Extension to vectors
\(cov(X, Y) = E_{x, y}[(X - E[X])^{T}(Y - E[Y])]\):\ corresponds to measuring \(cov(X_i, Y_j)\).
Correlation
(Pearson) correlation coefficient: \(corr(X, Y) = \frac{cov(X, Y)}{\stddev_{X}\stddev_{Y}}\): normalized covariance.
Correlation vs Independence
If \(X_{i}\perp X_{j}, Cov[X_{i},X_{j}] = 0\): even if they are only pairwise independent. But, \ \(cov(X, X^{2}) = 0\) even if \((X, X^{2})\) not \(\perp\).

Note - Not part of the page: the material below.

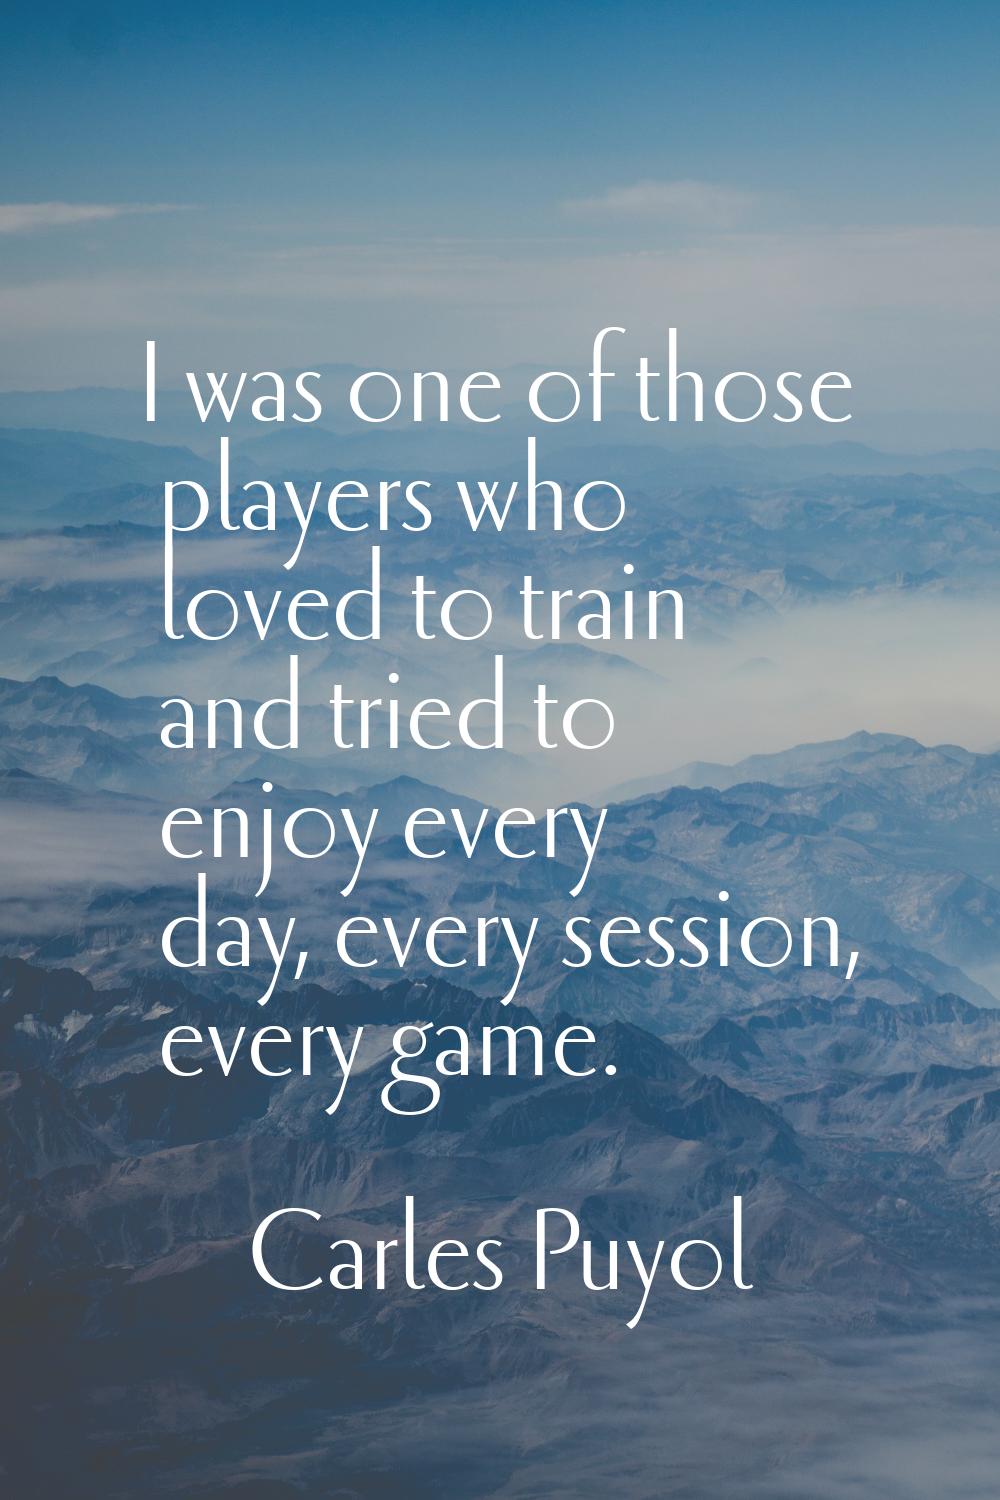 I was one of those players who loved to train and tried to enjoy every day, every session, every ga

If \(Cov[X_{i},X_{j}] = 0\) holds, then Xi and Xj are uncorrelated. If they are independent, they are uncorrelated; but not necessarily vice versa.
Covariance matrix
\(\covmatrix = var[X] = cov(X, X) = E[(X-\mean)(X-\mean)^{T}] = E[XX^{T}] - \mean \mean^{T}\).
Diagonal has variances of \((X_{i})\). It is diagonal if \((X_{i})\) are independent.
Effect of linear transformation
\(Var[BX + a] = E[(BX - BE[X])(BX - BE[X])^{T}] = BVar[X]B^{T}\). As in the scalar case, constant shifts have no effect.
Special case: \(var[a^{T}X] = a^{T}var(X)a\).
Nonnegative definiteness
\(\covmatrix \succeq 0\) as \(a^{T}E[(X-\mean)(X-\mean)^{T}]a \geq 0\).
If \(a^{T}\covmatrix a = 0\), with probability 1, \(a^{T}X - a^{T}\mean = 0\), so some \(\set{X_i}\) are linearly dependent. So, \(X\) lies on the hyperplane/ subspace with normal a.
Precision matrix
\(V = \covmatrix^{-1}\). Consider partial correlation deduced in case of multidimensional normal distribution.
Moment generating function
\(E[e^{t^{T}X}]\) is the moment generating function.